Avoiding the Difficult
We are trying to find ways to prevent the sales force from having to do what is difficult. We are trying to supplement the sales force in ways that will allow the least successful to accomplish the complex and complicated task of professional sales. It doesn’t work. There is no way to save them. They can’t succeed without doing what is both difficult and necessary.
And we are letting ourselves off the hook too. It’s difficult to build real salespeople. If you are in sales, it’s difficult to build yourself into what you must become. Instead of doing the work of building a deep competency in the fundamentals, we try to find ways to avoid that work. Instead of teaching salespeople how to create value during their prospecting efforts, we allow them to avoid prospecting and tell them that they can rely on social selling alone, email campaigns, or inbound marketing.

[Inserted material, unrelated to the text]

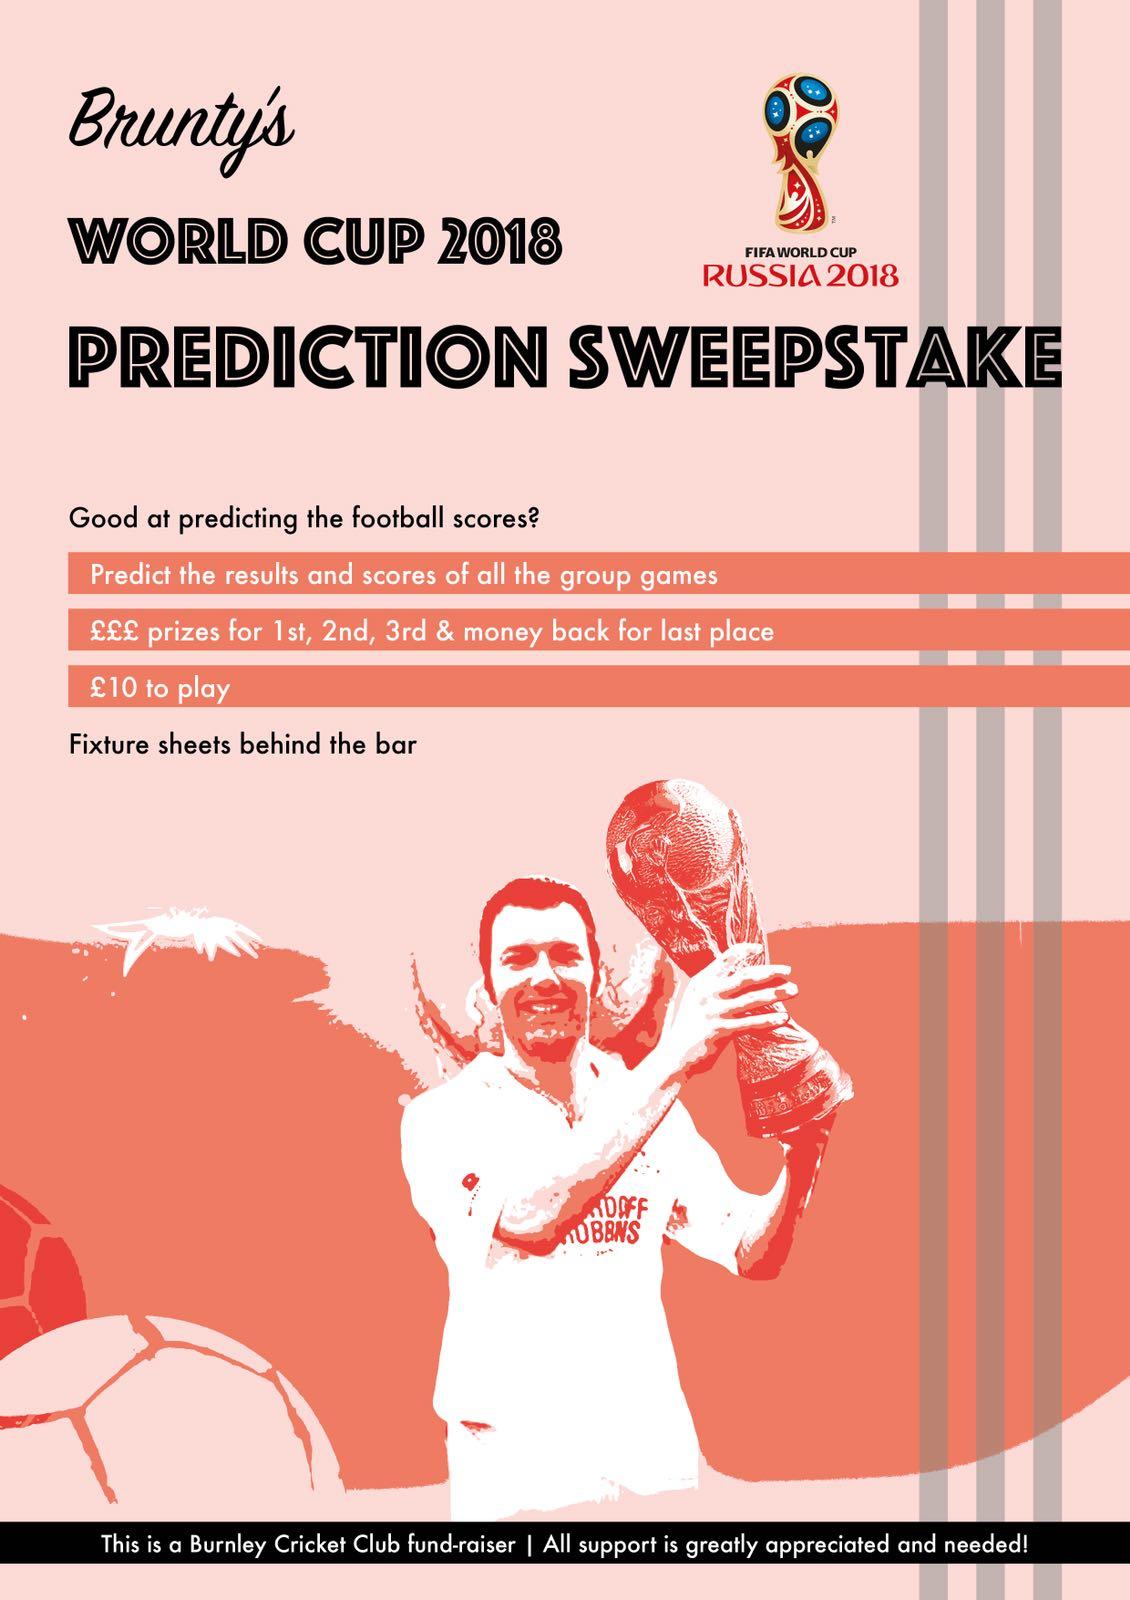 burnley cricket club world cup prediction sweepstake

Instead of helping them develop the business acumen they need to create value, we offer them marketing material. Instead of teaching them to build consensus, we offer them some new shiny object in hope of ensnaring a client.
Too Little Focus on Fundamentals
It’s time to stop searching for shiny new objects. It’s a waste of your time. It’s a waste of the salesperson’s time. More still, it’s a waste of your client’s time.

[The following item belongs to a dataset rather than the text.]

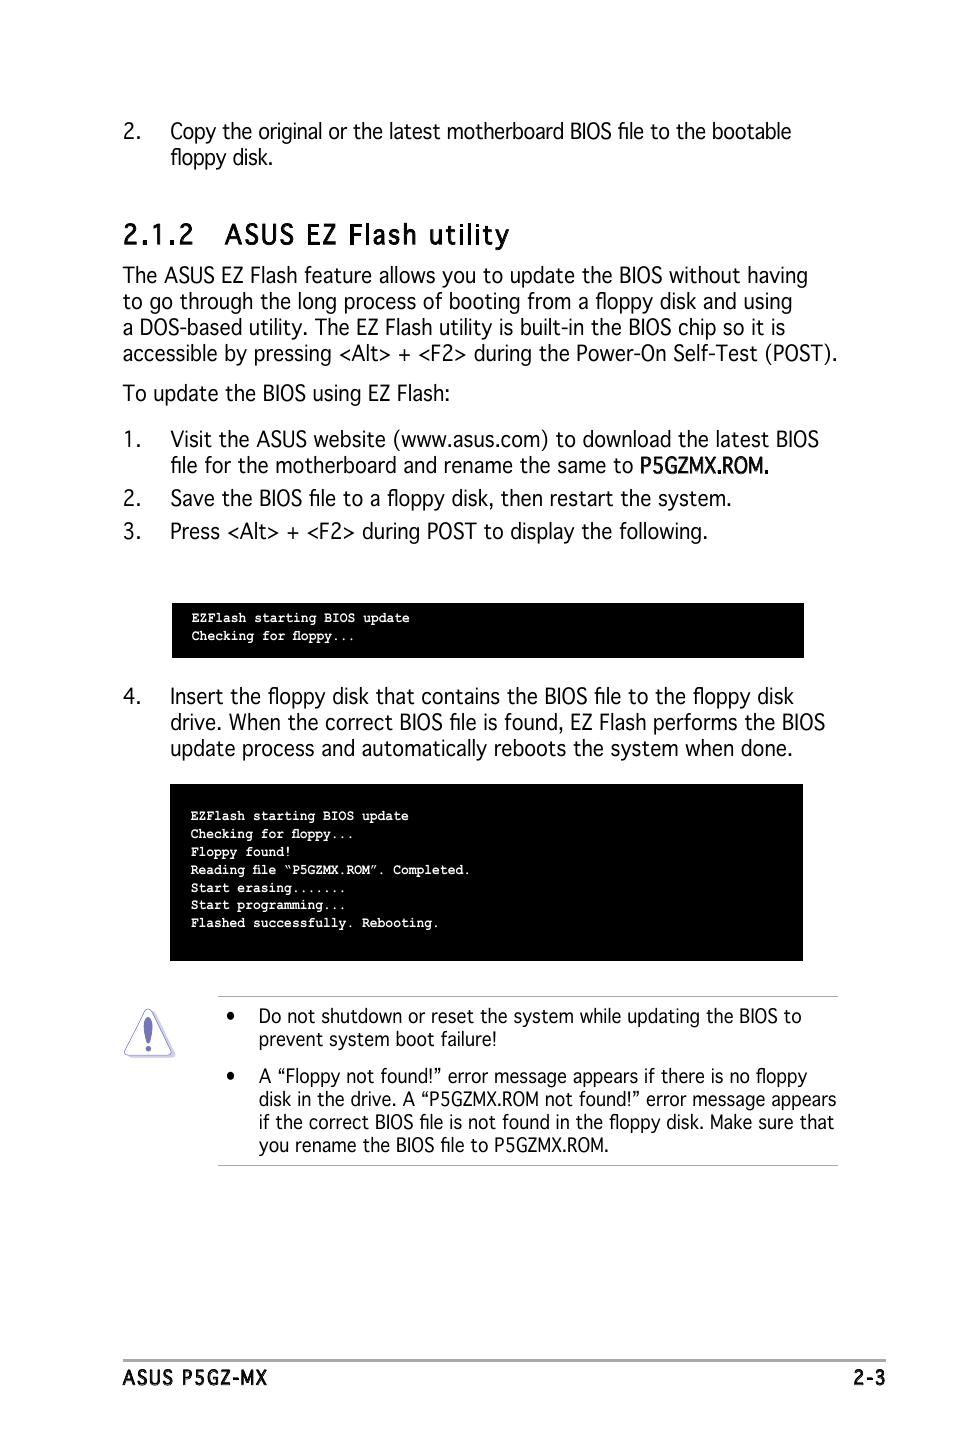 2 asus ez flash utility | Asus P5GZ-MX User Manual | Page 49

It’s time to stop believing that there is a magic bullet. There isn’t a magic bullet, and no one is coming to rescue you.
The time to do the real work of sales is long, long overdue. If you are honest, you know that this is true.
Improvement is found in disciplined execution of the fundamentals.
The single biggest factor in winning new opportunities is the person sitting across from your dream client. The salesperson and her abilities to create value for the client count for more than any of the new tools, any of the new processes, or any remedy you find printed in some journal. That salesperson’s ability—and willingness—to execute the fundamentals of good salesmanship are the difference between the results you want and the results you are producing right now.
And improving and developing the salesperson is the single most difficult task you are charged with, whether you are a front line sales manager, or whether you yourself are that salesperson. That execution is found in coaching salespeople, not in managing salespeople. That improvement is found in teaching, training, and developing salespeople to be effective salespeople.
Yes, the new objects are shiny. But that shine is only a distraction from what you really need to do to improve your sales.
Questions
Why do shiny objects so easily seduce us?
Why do we desperately need to believe there are easy answers to difficult tasks?
Would you rather be a poor salesperson with great tools or a great salesperson with poor tools? How do you improve yourself?
Would you rather have a sales force made up of C-players but well equipped or a poorly equipped sales force made up of A-players and those striving to become A-players?